Quarterly US Rural Economic Review: Agriculture Still Waiting For Relief

By Tanner Ehmke , Jeff Johnston and Dan Kowalski

March 28, 2019

Key Points

  • Trade negotiations with China will carry on at least through April, and perhaps into the summer. However, an agreement is in the interest of both the Xi and Trump administrations, so a deal is expected to be struck.
  • The ratification of USMCA in Congress will be an uphill climb. If it is not approved by August, the deal may languish until after the 2020 U.S. elections.
  • The global and U.S. economies are slowing, causing central banks to turn more dovish.
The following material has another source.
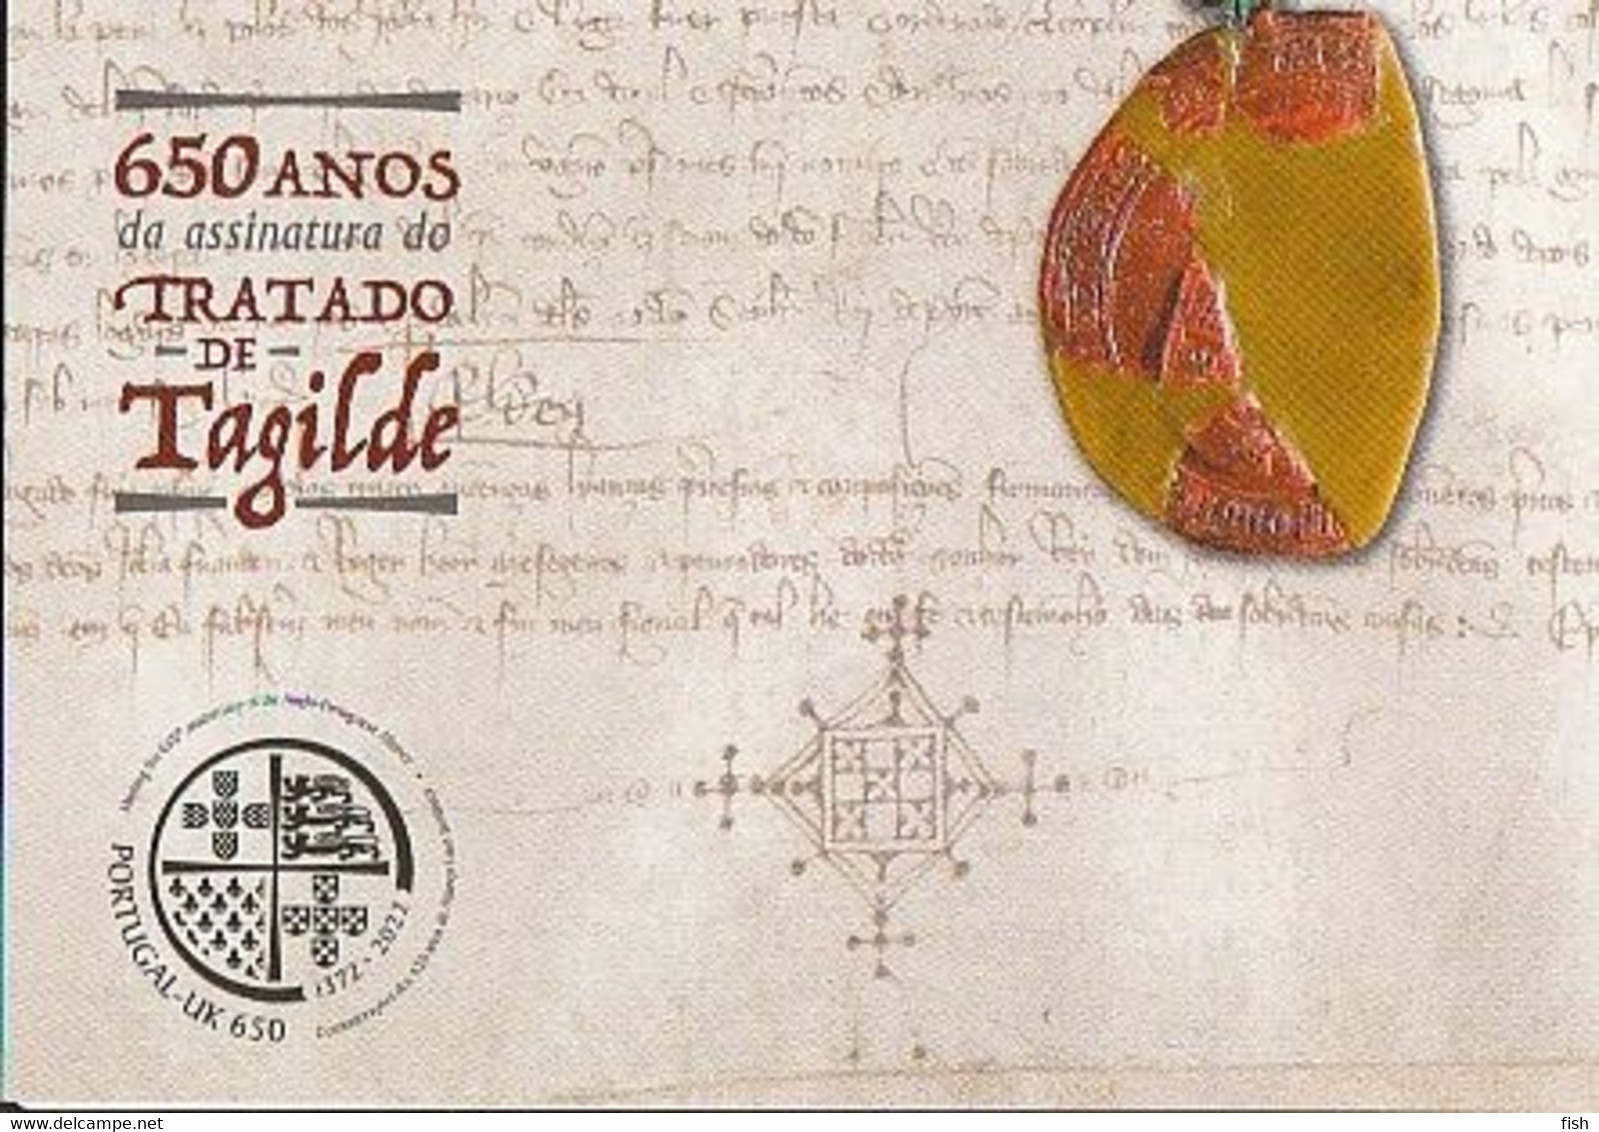 Portugal ** & Postal Stationary, 650 Anos Da Assinatura Do Tratado De Tagilde, Portugal E Gran Bretanha 1372-2022 (838) - Entiers Postaux

The Federal Reserve is unlikely to raise rates in 2019, and is now fielding questions on whether a rate cut may become appropriate.
  • Recent flooding in Nebraska and Iowa is threatening farm livelihoods, disrupting transportation, hurting ag retailers and processors, and will impact the country’s 2019 corn/soybean acreage mix.
  • Hog herd reductions in China resulting from African swine fever will boost China’s pork imports in 2019. How much, from whom, and when are now the key questions.
  • U.S. dairy supply appears to have stabilized and markets could improve in the second half of 2019.
  • California is free of drought for the first time since 2011. Cool and wet conditions have been welcomed, but the rainfall has caused some trees to uproot and has increased the need for fungal controls.
  • U.S. natural gas supply will outpace demand through 2019. This will limit upward price movements, furthering the retirement of coal-fired assets.
  • The FCC’s latest millimeter-wave spectrum auction began in mid-March. Cable operators are not among the 38 qualified applicants, perhaps indicating that they don’t see fixed wireless as a threat to their cable broadband business.